Reuters news agency says about this 3 June 2019 video:
Sudan: at least two protesters killed in military raid on protesters’ camp
UPDATE: at least nine people killed.
Security forces in Sudan have killed at least two protesters in an early morning raid on their camp outside the army headquarters, sparking off yet even more protests in Omdurman, the twin city of Khartoum.
Live footage broadcast by Arab television stations showed chaotic scenes, with protesters running away as black smoke rose from tents apparently torched by the raiding force.
Activists described the raid that killed at least two people and injured dozens, as an attempt to disperse protesters demanding civilian rule.
“The protesters holding a sit-in in front of the army general command are facing a massacre in a treacherous attempt to disperse the protest”, the main protest group said in a statement, urging the Sudanese people to come to their aid.
A Reuters witness saw troops wielding batons deploy in central Khartoum and close roads, apparently to try to block people from reaching the protest site.
Nile bridges that connect various parts of the Sudanese capital have also been blocked.
Protests in Omdurman
In Omdurman, thousands of Sudanese protesters blocked roads with stones and burning tyres.
A witness told Reuters there were no security forces in the area as young men and women blocked main streets and side roads across Omdurman, which sits on the other side of the Nile river from Khartoum.
Stalled negotiations
The violence comes amid a persistent deadlock in talks between protesters and Sudan’s military rulers over demands to hand over power to civilians.
The Transitional Military Council (TMC), which assumed power in April when the military ousted President Omar al-Bashir after three decades in office, has offered to let protesters form a government to run the country but insists on maintaining overall authority during an interim period.
Demonstrators want civilians to run the transitional period and lead the North African country of 40 million to democracy.
Reactions to military violence
The TMC has repeatedly said it would not use force to disperse the protesters, often comprising thousands of young men and women who take turns camping outside the Defence Ministry.
No statement about the violence has yet been issued by the TMC.
Stability in Sudan is crucial for a region grappling with violence that stretches from the Horn of Africa to Libya. …
The royal dictatorship of Saudi Arabia, the main allies of the self-styled ‘free world’ in the Middle East, is propping up the military dictators in Sudan. As they want to continue to use Sudanese child soldiers as cannon fodder in their bloody war on the people of Yemen.
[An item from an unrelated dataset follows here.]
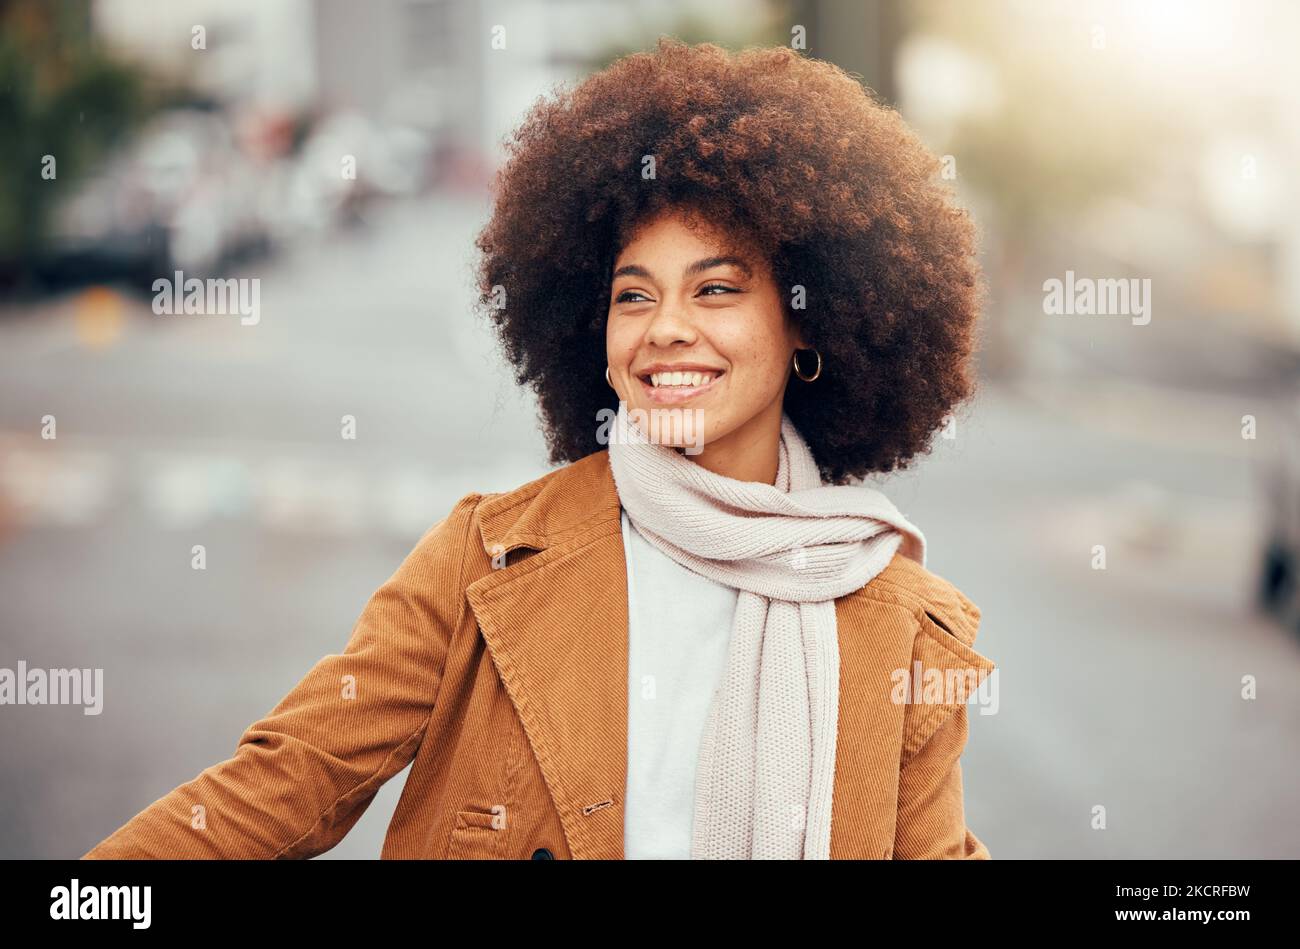 Winter, Mode und schwarze Frau auf der Straße der Stadt für Urlaub, Reisen und Glück in Portugal. Lächeln, denken und junge afrikanische Mädchen glücklich auf einem Stockfoto

Years ago, many years ago, quite some people in the political establishment and the ‘celebrities’ establishment in NATO countries used to point out the bloody violence by the Sudanese regime, then led by Bashir, especially in Darfur province. Correctly so. Incorrectly, they used the crimes of the dictatorship as pretext for trying to start yet another humanitarian oil war, this time by invading Sudan.
However, these establishment voices fell silent when dictator Bashir of Sudan helped NATO in another pseudo-humanitarian war, the 2011 war on Libya.
The silence became even louder after Bashir helped the European Union to stop refugees. And after Bashir sent soldiers, many of them child soldiers, to help in the Saudi Arabian regime-Pentagon war on the people of Yemen.
In the USA, a tortured Sudanese refugee was arrested by Donald Trump’s ICE.
NATO countries’ governments forcibly deport refugees to Sudan, where they are tortured. Eg, the Belgian government does so.
And so does the government of the Netherlands.
These governments want the ‘stability’ of the grave and the torture chamber for Sudan.
The sit-in had become the focal point of protests that started in December, sparked by a severe financial crisis that caused cash shortages and bread price hikes.